Violencia frena conversaciones de paz entre el gobierno colombiano y el ELN.

El gobierno de Colombia anunció la suspensión inmediata de los diálogos de paz con el Ejército de Liberación Nacional (ELN), luego de un ataque armado que dejó víctimas entre las Fuerzas Militares, hecho que sacudió el ya frágil proceso de negociación y puso en entredicho la estrategia de “paz total” impulsada por el presidente Gustavo Petro.

La decisión fue confirmada por el Ejecutivo tras considerar que no existen condiciones mínimas de confianza para continuar las conversaciones mientras persistan acciones violentas por parte de ese grupo insurgente. El atentado, ocurrido en una zona con fuerte presencia guerrillera, reavivó el debate sobre la viabilidad del diálogo en medio de un escenario de confrontación activa.

Desde el inicio de su mandato, Gustavo Petro apostó por una política integral de paz que buscaba negociar simultáneamente con distintos actores armados, entre ellos el ELN, disidencias de las FARC y estructuras criminales.

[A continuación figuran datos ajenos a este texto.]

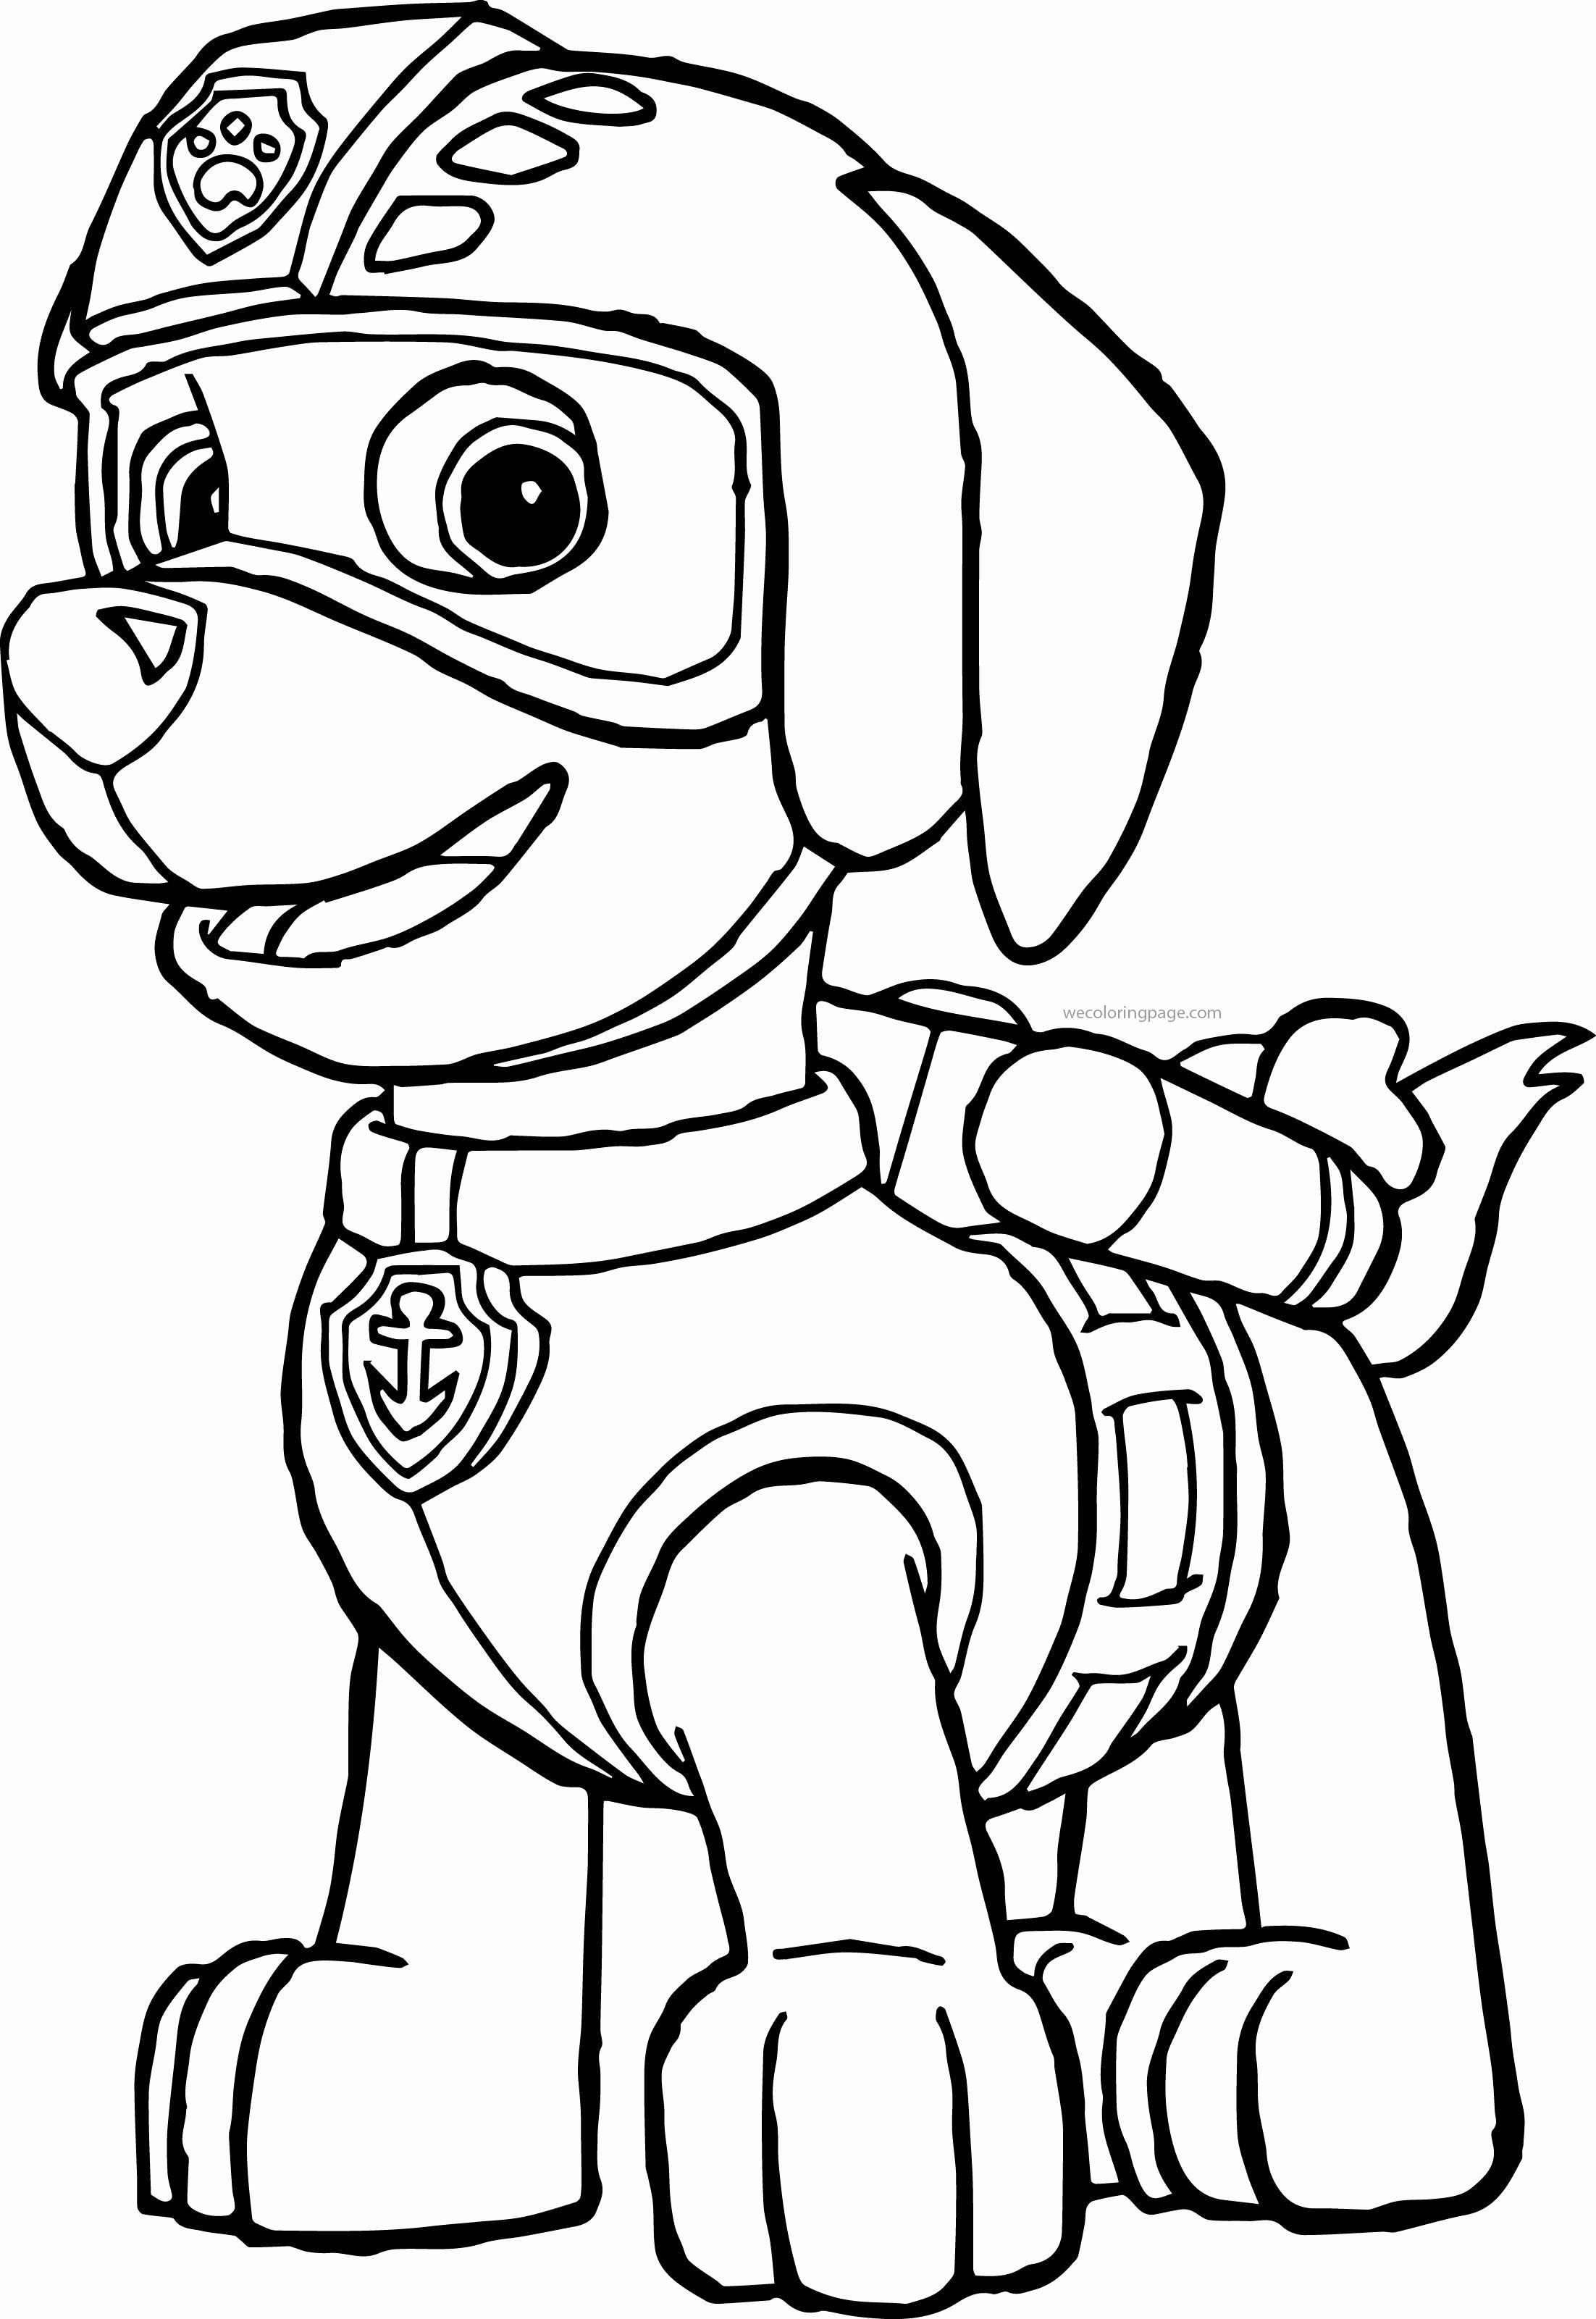 24 Rocky Paw Patrol Coloring Page In 2020 Paw Patrol Coloring

Sin embargo, el reciente ataque se suma a una serie de incidentes que han debilitado el respaldo político y social a esta estrategia.

Autoridades colombianas señalaron que no se puede avanzar en un proceso de paz mientras se atente contra la vida de militares y civiles, y subrayaron que la suspensión no implica el cierre definitivo del diálogo, aunque sí un congelamiento indefinido hasta que existan garantías reales de no repetición.

El impacto de la decisión se siente con fuerza en regiones donde el ELN mantiene influencia territorial. Líderes comunitarios y organizaciones sociales han expresado su preocupación por un posible recrudecimiento de la violencia, ya que los ceses al fuego y los canales de comunicación, aunque frágiles, habían reducido enfrentamientos en algunas zonas.

Analistas en seguridad advierten que la ruptura del diálogo incrementa la incertidumbre territorial, abre la puerta a disputas entre grupos armados y complica la gobernabilidad local, especialmente en áreas rurales históricamente afectadas por el conflicto. También señalan que el gobierno enfrenta un escenario complejo: mantener firmeza institucional sin cerrar por completo la puerta a una salida negociada.

En el ámbito político, la suspensión del diálogo ha generado reacciones encontradas. Sectores de oposición consideran que el gobierno fue demasiado permisivo con el ELN, mientras que voces afines al proceso de paz insisten en que el diálogo sigue siendo la única vía sostenible para reducir décadas de violencia.